Doing this will prevent CommCare HQ users from logging in, so it should
only be done in production environments when CommCare Analytics is not
in use.
To return to allowing CommCare HQ users to log in, set it back to
`AUTH_TYPE = AUTH_OAUTH`.
### Importing UCRs using Redis and Celery
Celery is used to import UCRs that are larger than
`hq_superset.views.ASYNC_DATASOURCE_IMPORT_LIMIT_IN_BYTES`. If you need
to import UCRs larger than this, you need to run Celery to import them.

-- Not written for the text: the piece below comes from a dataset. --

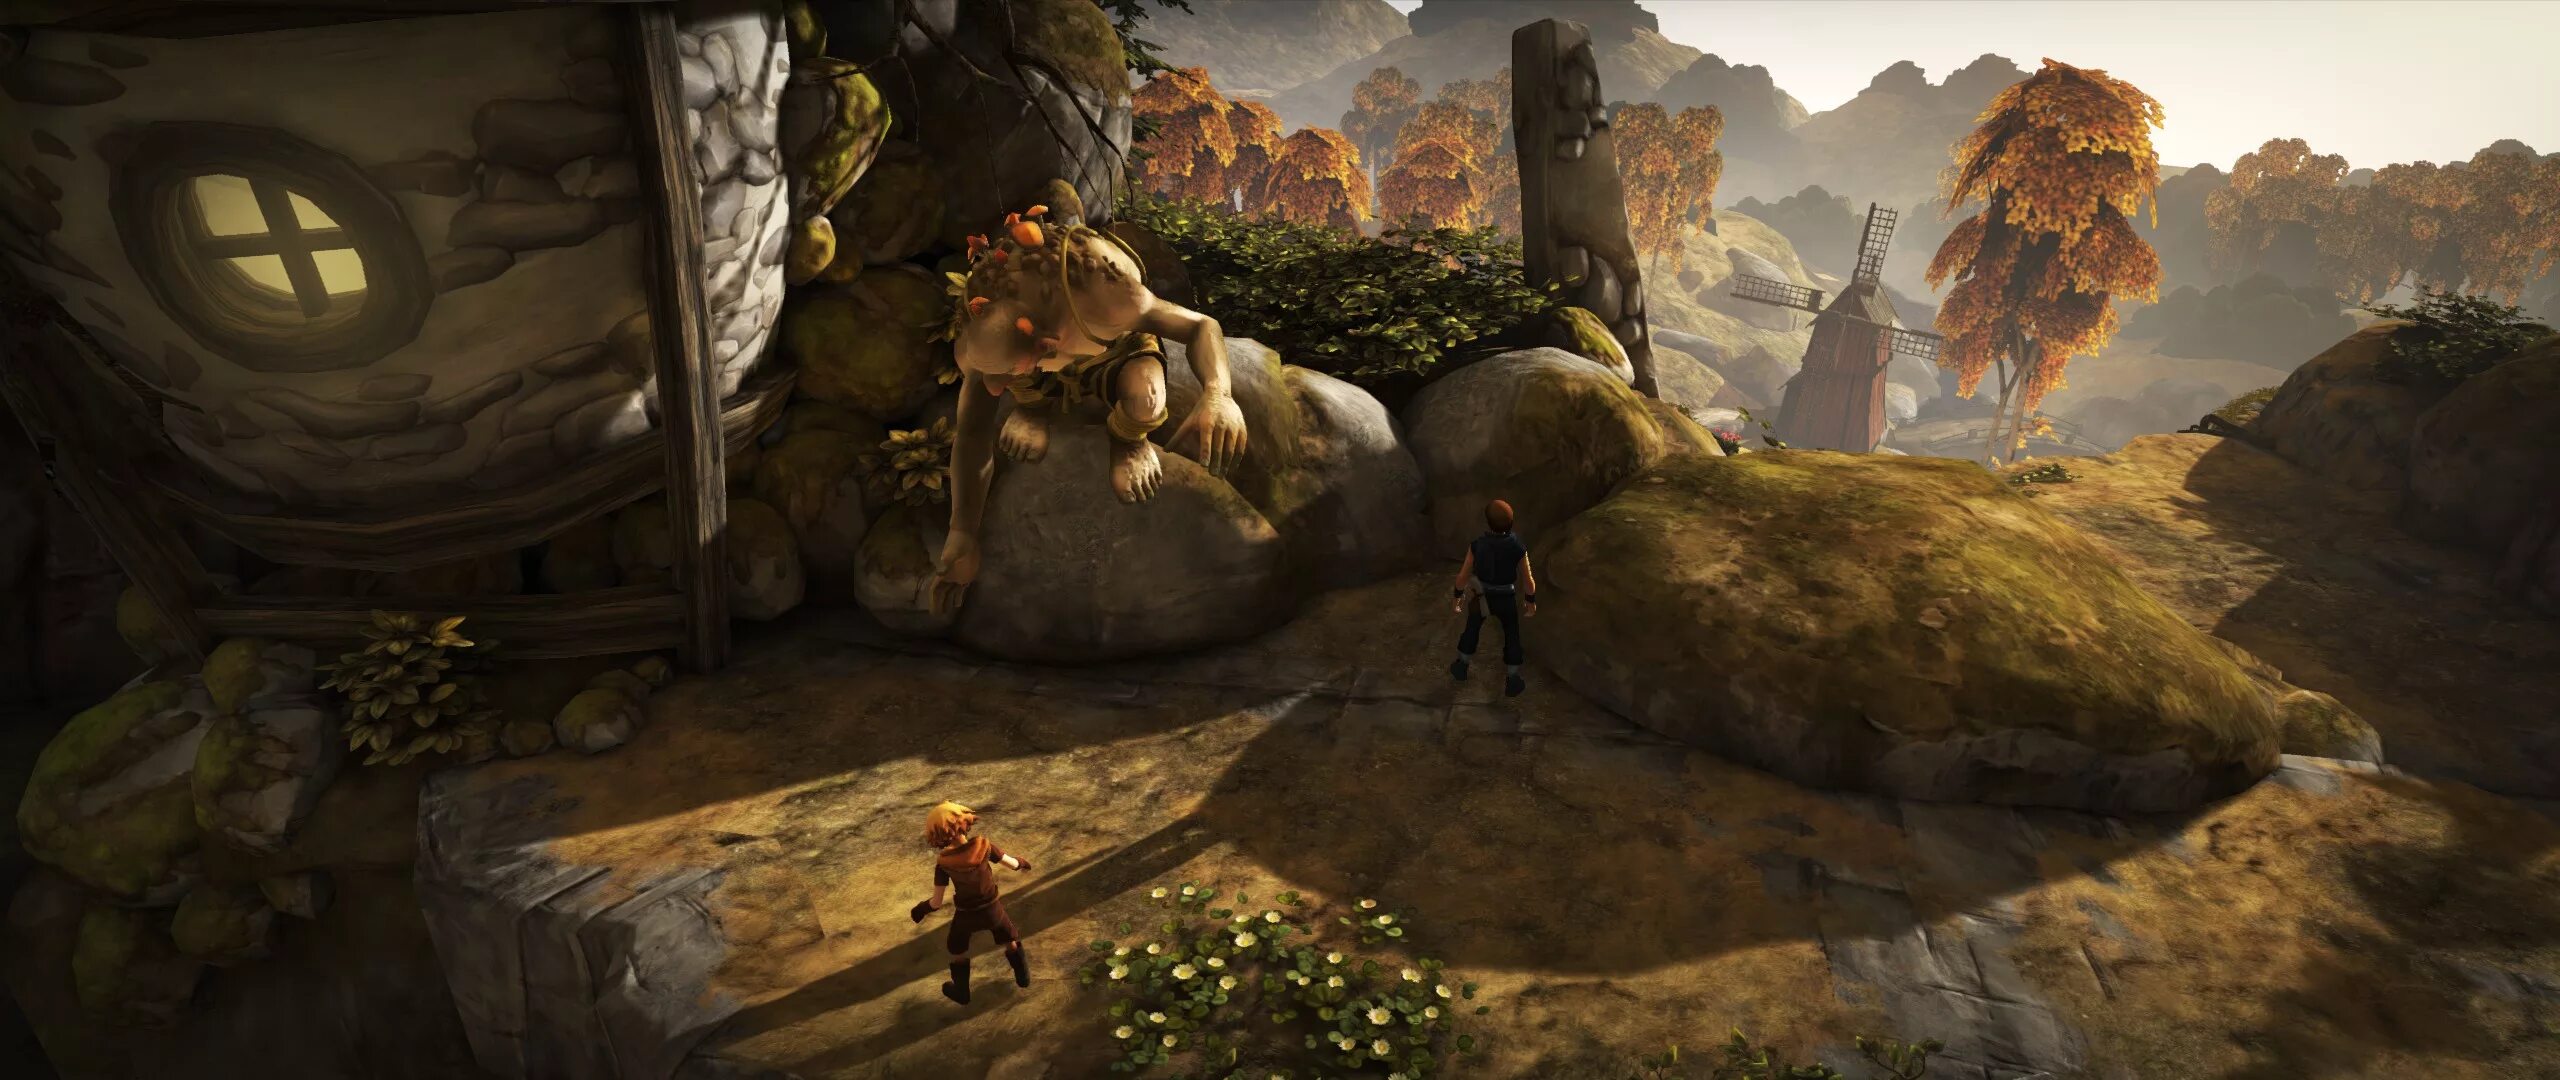 Brothers tale of two sons remake ps5. Brothers: a Tale of two sons. Brothers a Tale of two sons арт. Brothers: a Tale of two sons Remake. Brothers a Tale of two sons арты.

Here is how celery can be run locally.
- Install and run Redis
- Add Redis and Celery config sections from
`superset_config.example.py` to your local `superset_config.py`.
- Run
`celery --app=superset.tasks.celery_app:app worker --pool=prefork -O fair -c 4`
in the Superset virtualenv.
### Overwriting templates
Superset provides a way to update HTML templates by adding a file called
`tail_js_custom_extra.html`.
This file can be used to insert HTML or script for all pages.
This isn't documented in superset but can be seen in the superset's
[basic template](https://github.com/apache/superset/blob/f453d5d7e75cfd403b5552d6719b8ebc1f121d9e/superset/templates/superset/basic.html#L131).
### Testing
Install requirements for running tests:
$ pip install -e '.[test]'
$ pytest
The test runner can only run tests that do not import from Superset. The
code you want to test will need to be in a module whose dependencies
don't include Superset.
### Testing on staging
In order to test your feature branch on staging you need to
1. Check out to `master` branch (make sure it's up to date)
2. Add your feature branch to the `branches` section in `scripts/staging.yml` file
3. Make a PR to `master`
4. Once merged, run `scripts/rebuildstaging` (this will rebuild the staging branch on your machine)
5. Push the new `staging` branch to remote
6. Deploy `staging` (see Deploying Staging below)
#### Deploying staging
1. SSH to `commcare-analytics-staging.dimagi.com`
2. Virtual environment should already be activated
3. Uninstall current superset version
```shell
$ pip uninstall commcare-analytics
```
4. Install new superset version
```shell
$ pip install git+https://github.com/dimagi/commcare-analytics.git@staging
```
5. Restart superset & celery as needed
```shell
$ sudo supervisorctl restart superset
$ sudo supervisorctl restart commcare_analytics_celery_default
```
### Creating a migration
You will need to create an Alembic migration for any new SQLAlchemy
models that you add. The Superset CLI should allow you to do this:
```shell
$ superset db revision --autogenerate -m "Add table for Foo model"
```
However, problems with this approach have occurred in the past. You
might have more success by using Alembic directly. You will need to
modify the configuration a little to do this:
1. Copy the "HQ_DATA" database URI from `superset_config.py`.
2. Paste it as the value of `sqlalchemy.url` in
`hq_superset/migrations/alembic.ini`.
3. Edit `env.py` and comment out the following lines:
```
hq_data_uri = current_app.config['SQLALCHEMY_BINDS'][HQ_DATA]
decoded_uri = urllib.parse.unquote(hq_data_uri)
config.set_main_option('sqlalchemy.url', decoded_uri)
```
Those changes will allow Alembic to connect to the "HD Data" database
without the need to instantiate Superset's Flask app. You can now
autogenerate your new table with:
```shell
$ cd hq_superset/migrations/
$ alembic revision --autogenerate -m "Add table for Foo model"
```
Upgrading Superset
------------------
`dimagi-superset` is a requirement of this `commcare-analytics` package.
It is a fork of `apache-superset`, and adds important features to it,
necessary for `commcare-analytics`. For more information about how to
upgrade `dimagi-superset`, see
[Dimagi Superset Fork](apache-superset.md).